We’re also trying to develop much faster approaches — either by optimizing what we’re doing or by using the fluorescence signal to measure by fluorescence cell sorting or cell abundance measurements. It’s possible to do high-throughput FACS analysis so you can measure the abundances of 1,000 proteins a day.
Are you looking to commercialize this technology?
That’s not our main interest at this point.
What obstacles face proteomics research right now?
A large part of it, with mass spec, is getting completeness. It’s relatively easy to look at the most abundant corridors of the proteins, but many of the critical proteins are poorly expressed. So increasing the sensiti-vity and speed [is important]. Another major area is post-translational modifications. Trying to get standardized methods for looking at whole proteomes is also a big job. The thing that makes proteomics hard and interesting at the same time is that every protein has its own personality and its own physical properties that let proteins do so many things. But it also makes it very hard to make a generic one-size-fits-all approach. Conceptually, that’s what the tags were about — we thought by giving all the proteins the same tags, you could then treat the tags as a generic one-size-fits-all strategy. So by having the tagged library, you can now reduce it to a simpler problem.
You cited Mike Snyder’s work in your paper — how are protein chips complementary to your methods?

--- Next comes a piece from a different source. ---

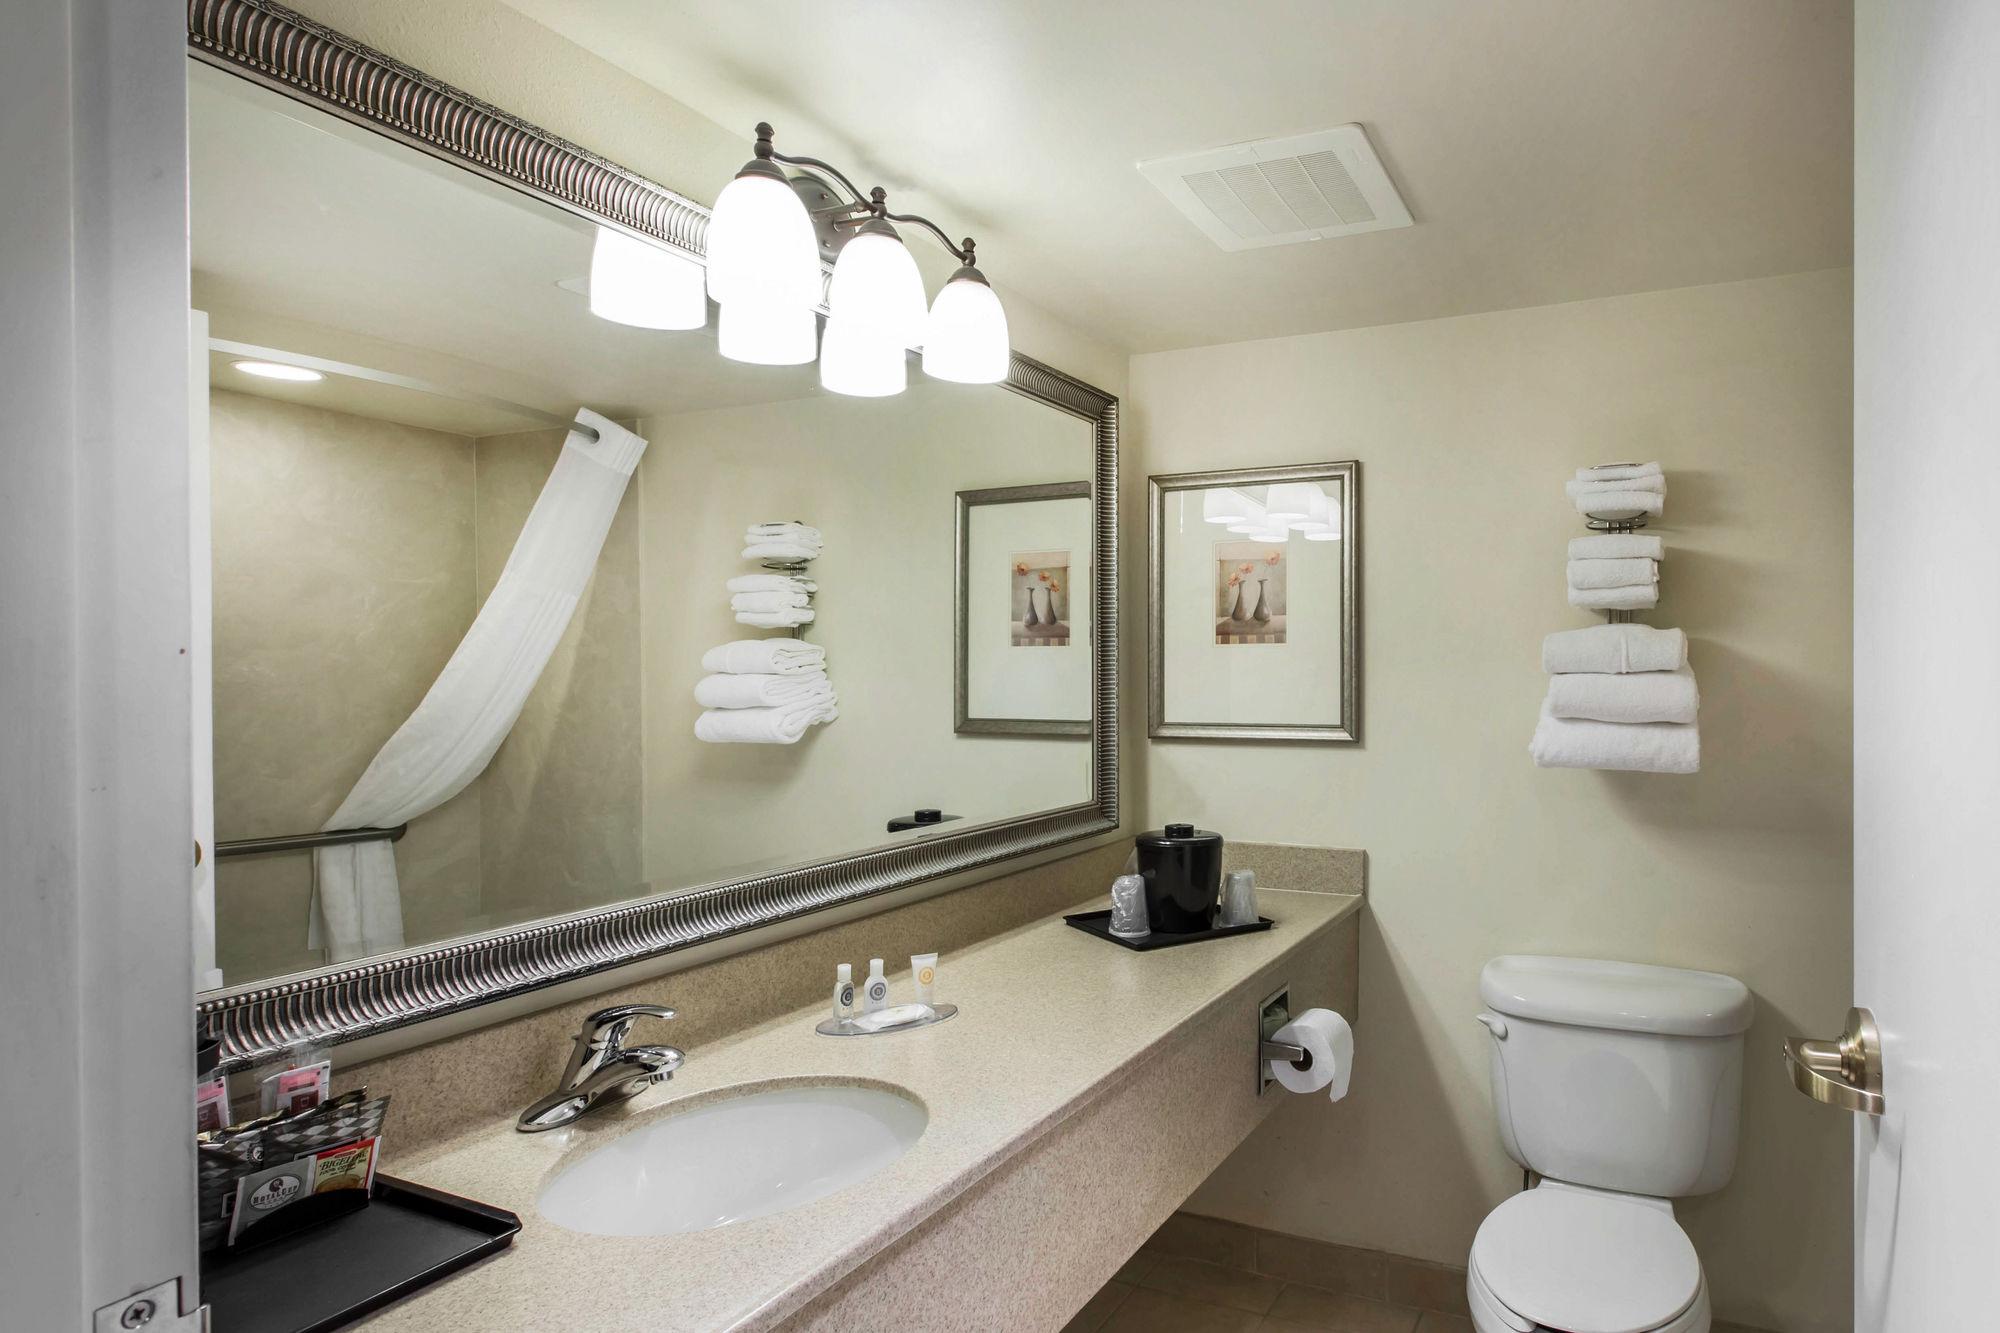 Comfort Inn & Suites in Cordele, GA

They are highly complementary — protein chips will be a very fast and a very good way at getting at certain types of protein-protein interactions. But there are a lot of other things where it’s really critical to have multi-protein complexes, and the right abundances of the proteins, or where proteins just won’t be well-behaved on a chip. Their approach was to typically overexpress it, purify it, and put it on a chip. But that wouldn’t work for example for ribosomes, where you need 20 proteins and rRNA. Our approach would be to express [the protein] at endogenous levels and then purify it, using the fact that they’re tagged. Certainly anything you can do on a protein chip, you can probably do faster that way, but I think there will be whole classes of problems that will be hard to address [with chips]. There are some things, like GFP localization, that you’re not going to get from protein chips. It’s not a good method for looking at changes in protein abundances either.

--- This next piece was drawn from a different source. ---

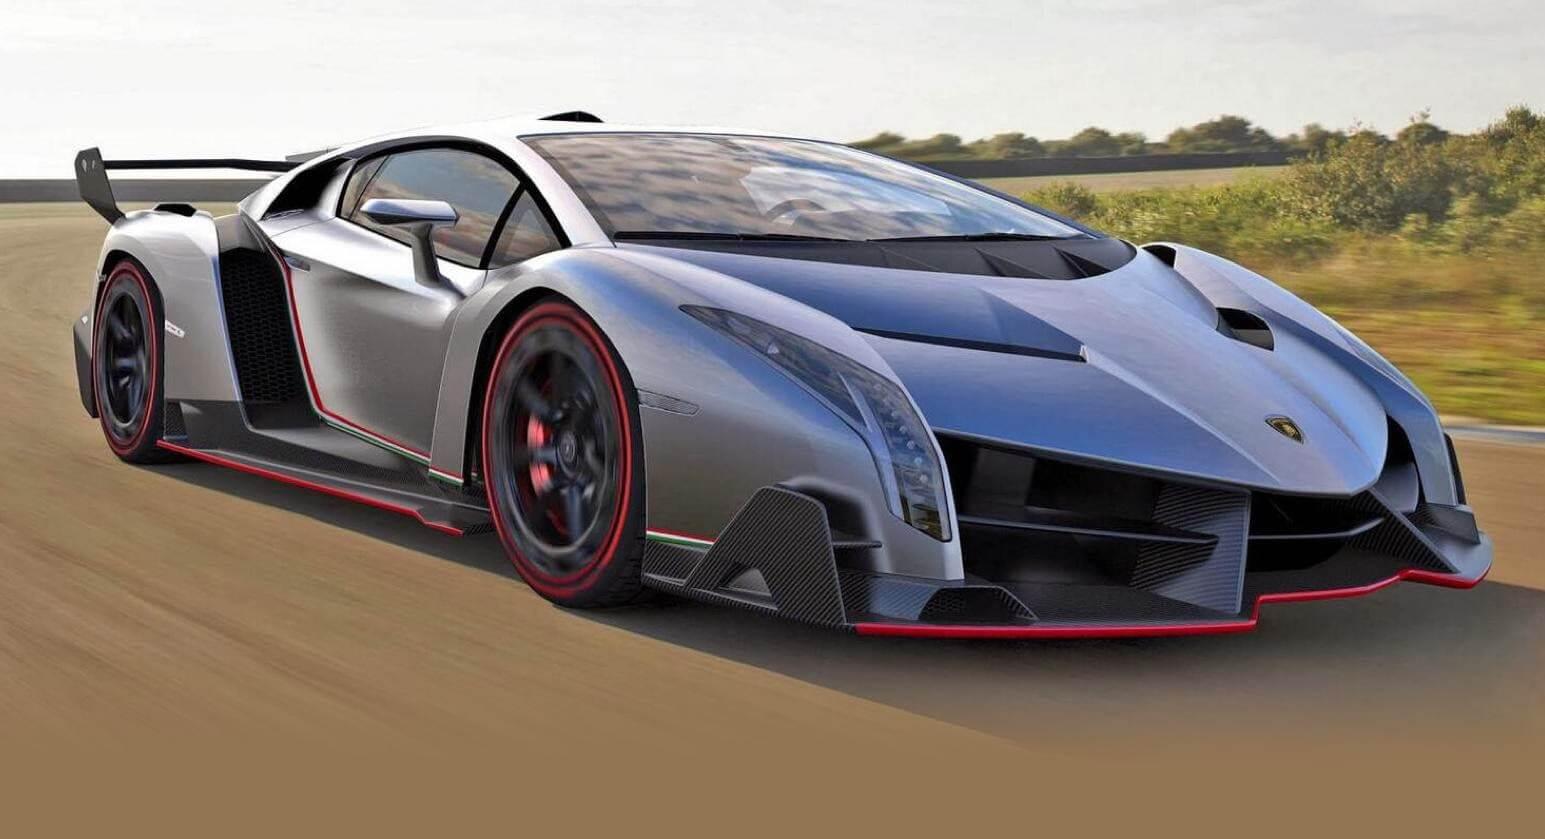 Most Expensive Cars >> Top 15 Most Expensive Cars In The World For 2018 Live Enhanced

So what’s the take-home message?
The big take-home message is that the proteome of an entire organism is now accessible in a way that just wasn’t possible before. That’s in my mind the most exciting thing — now it’s possible to be thinking about doing experiments that were not really addressable by any other means.
Let’s say you have a particular enzymatic assay, for example, where you want to find what the kinase was that was phosphorylating your particular protein. It’s now possible with these libraries to screen through the whole yeast proteome fairly rapidly. Or if you want to know [whether] your protein abundance changes through the cell cycle, or what transcription factors are changing though the cell cycle, you could order the 200 or so transcription factors and follow their abundances. The transcription factors were just too low in abundance to measure by mass spec. You can also see if your protein changes into some condition you’re interested in, you can pull down the protein and ask what other proteins are interacting with it, or you can use your GFP library and say ‘does [the protein] move in or out of the nucleus,’ for example. These were all things you could have done before if you made the library, and if you made the tag, but now it lowers the barrier to doing that. We’ve made all these things available at a nominal cost through a distributor.
So you’re lowering the barrier to doing a lot of things that would have been more difficult before?
Yes, plus [providing] the methods and reagents. Plus, you can look up the data — so now if you clone a protein and want to know where it is, you can go to a website and see the pictures of where it’s localized. You cannot only see where we thought it was localized, but you can look at the pictures yourself and say, ‘does it look like there’s something else in there?’